Vous avez évoqué l’automatisation, mais qu’en est-il de l’IA ? Quel est son impact sur vos activités ?

Pour l’instant, il reste limité. Nous utilisons l’IA, par exemple, pour rédiger des annonces ou effectuer des vérifications automatisées des contrats. Mais son potentiel pour une gérance immobilière est immense. Nous disposons en effet d’énormes quantités de données sur les immeubles et les locataires qui sont encore sous-exploitées. L’IA pourrait nous aider à les valoriser, notamment pour optimiser la gestion des immeubles, anticiper les rénovations ou encore améliorer la performance énergétique. Cela dit, j’insiste sur un point : l’IA ne remettra pas en cause les compétences fondamentales d’un régisseur d’immeubles. C’est un outil qui lui permettra d’être plus efficace, mais il ne remplacera pas son expertise.

Ces nouvelles technologies sont-elles intégrées aux formations, comme le brevet fédéral de gérant d’immeubles ?

Pas encore, et c’est bien là un problème. La formation a un temps de retard.

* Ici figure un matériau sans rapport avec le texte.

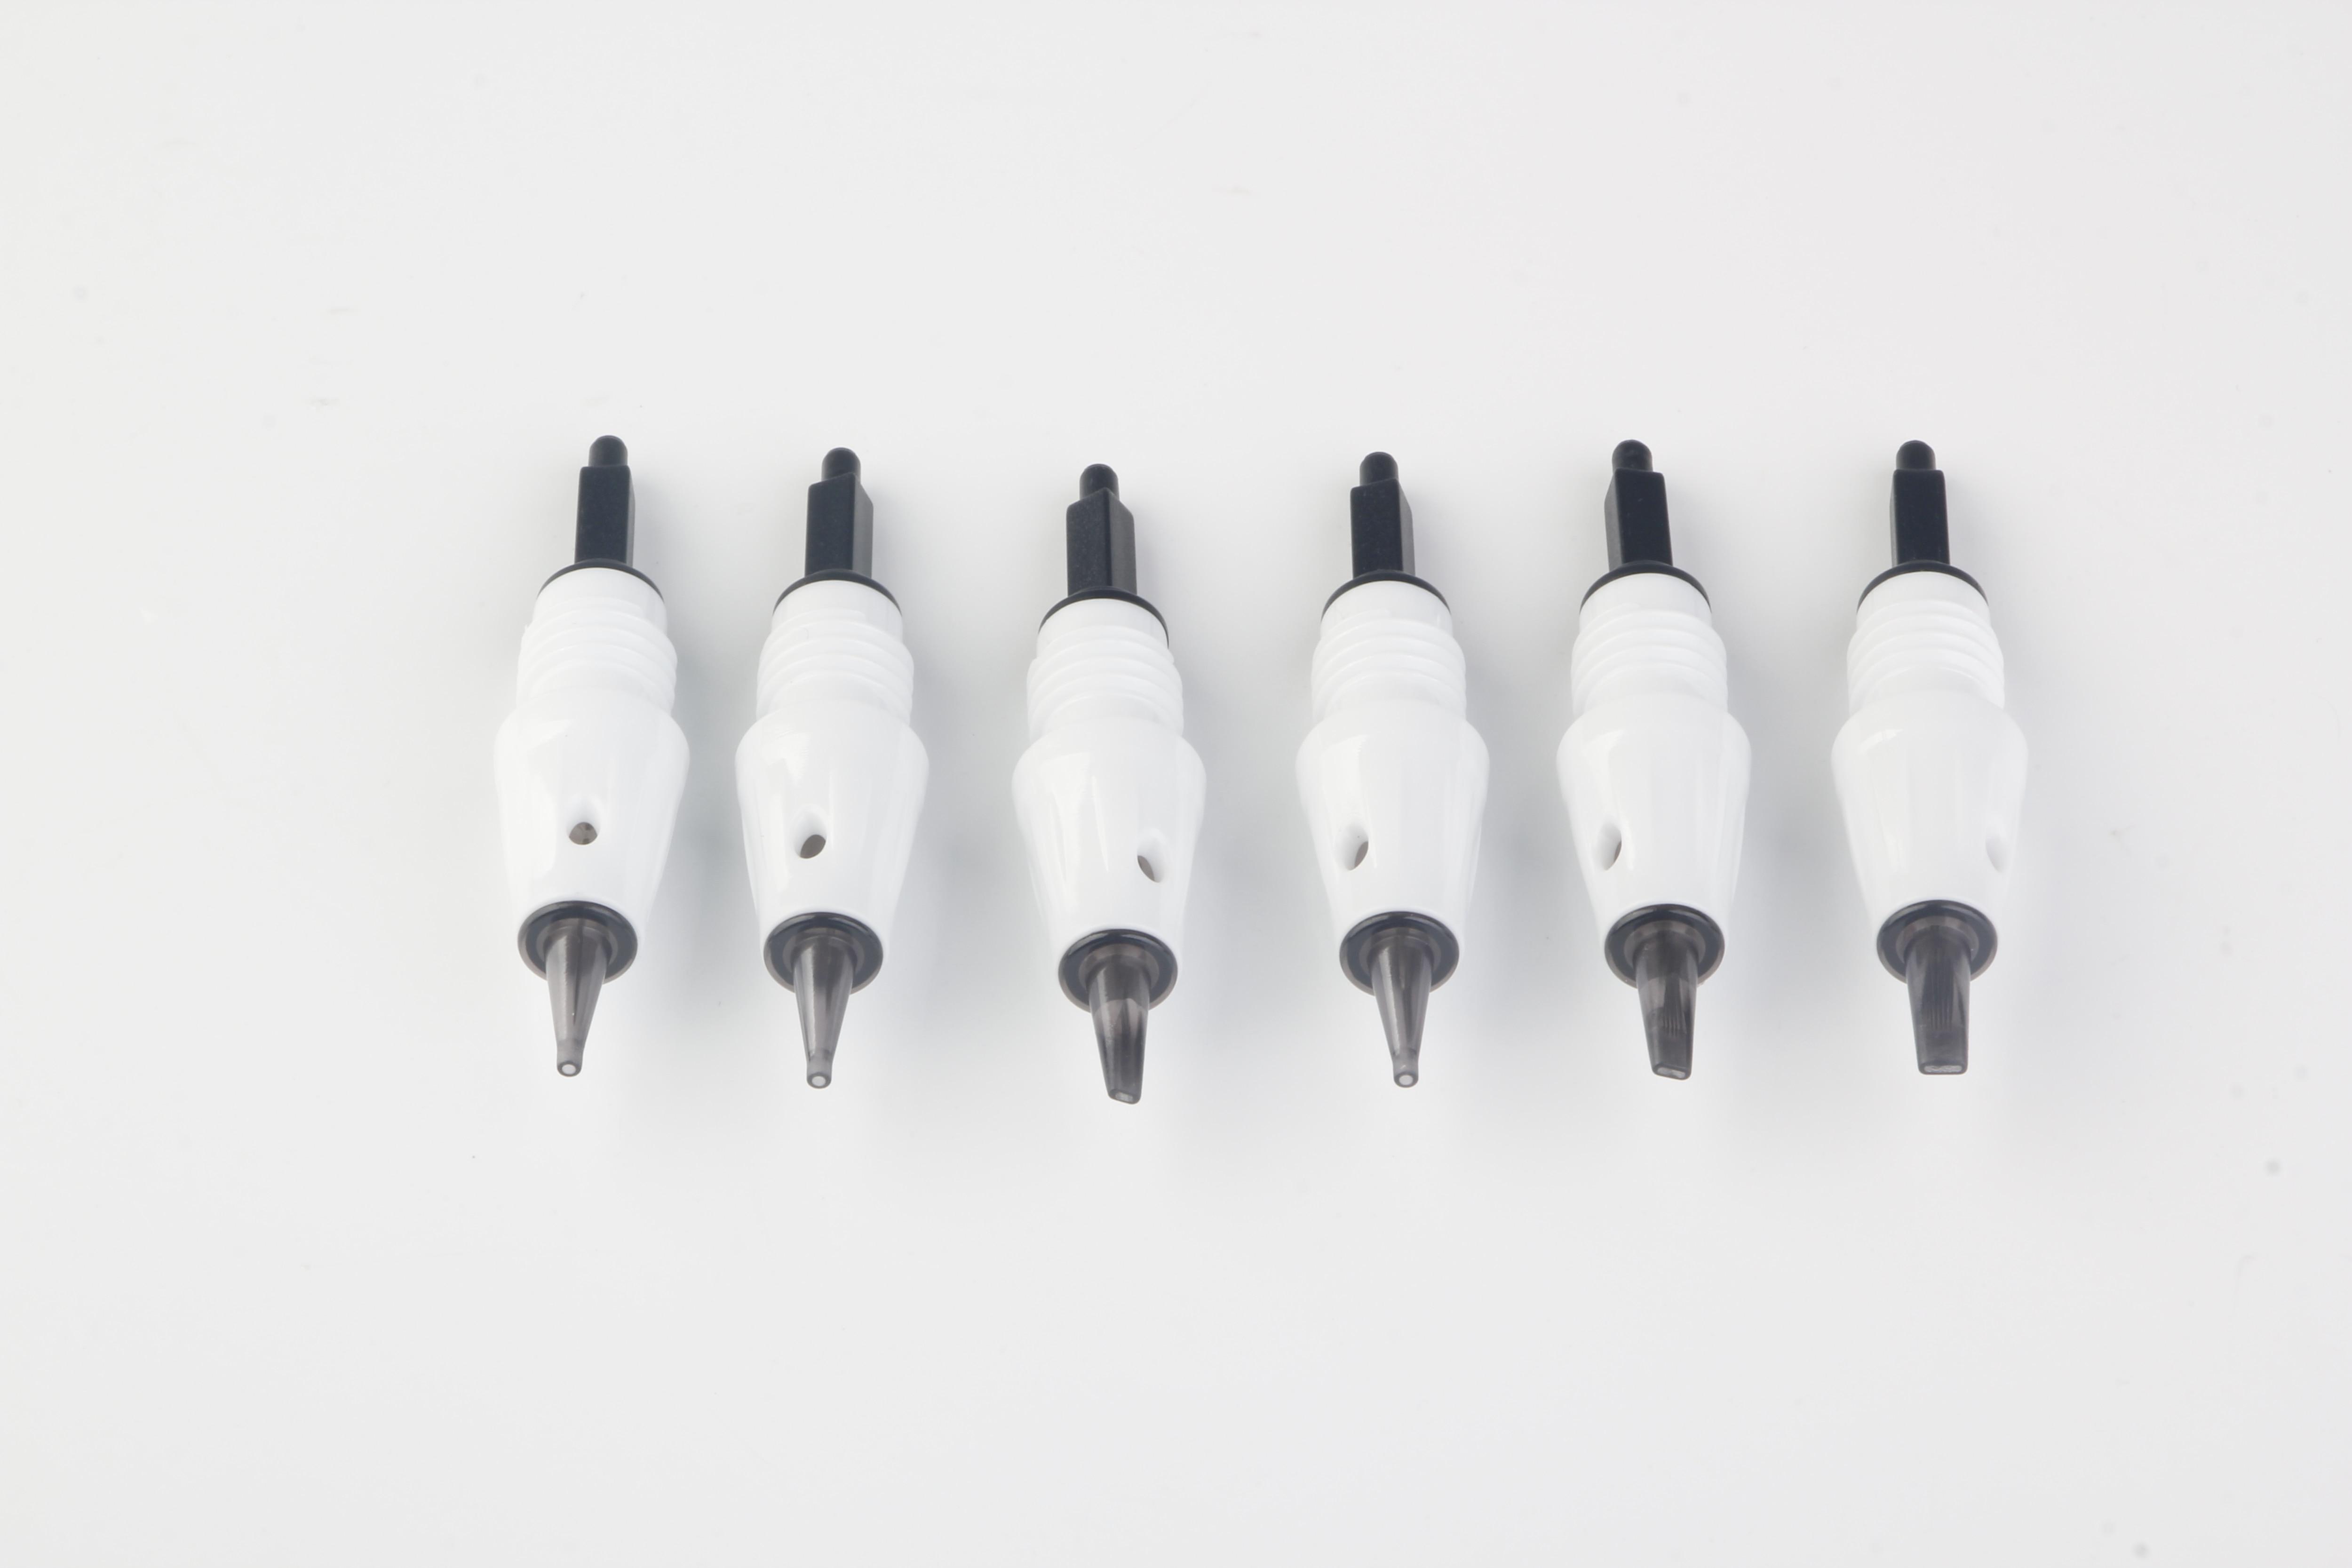 Тату ручка Дерма иглы картридж Artmex V6/8/9/11 иглы и нано МТС микроиглы

Les exigences du brevet fédéral ont été définies il y a une quinzaine d’années, alors que bon nombre des technologies actuelles n’existaient pas encore. Bien sûr, des efforts sont faits pour actualiser ces formations, mais les technologies évoluent si rapidement qu’il sera toujours difficile de suivre le rythme.

Comment palliez-vous ce retard ?

Nous mettons en place des formations internes et des cours de spécialisation pour nos collaborateurs. L’apprentissage sur le terrain joue également un rôle clé.

Avez-vous constaté des évolutions dans les profils recherchés pour les postes de direction ?

Absolument. Nous avons déjà évoqué l’évolution des méthodes de management, qui deviennent plus participatives et moins directives. Nous observons également une tendance à recruter, à la tête des entreprises, des profils plus visionnaires, et pas nécessairement issus du métier. Ces dirigeants doivent ensuite s’entourer de spécialistes qui maîtrisent les fondamentaux de l’immobilier.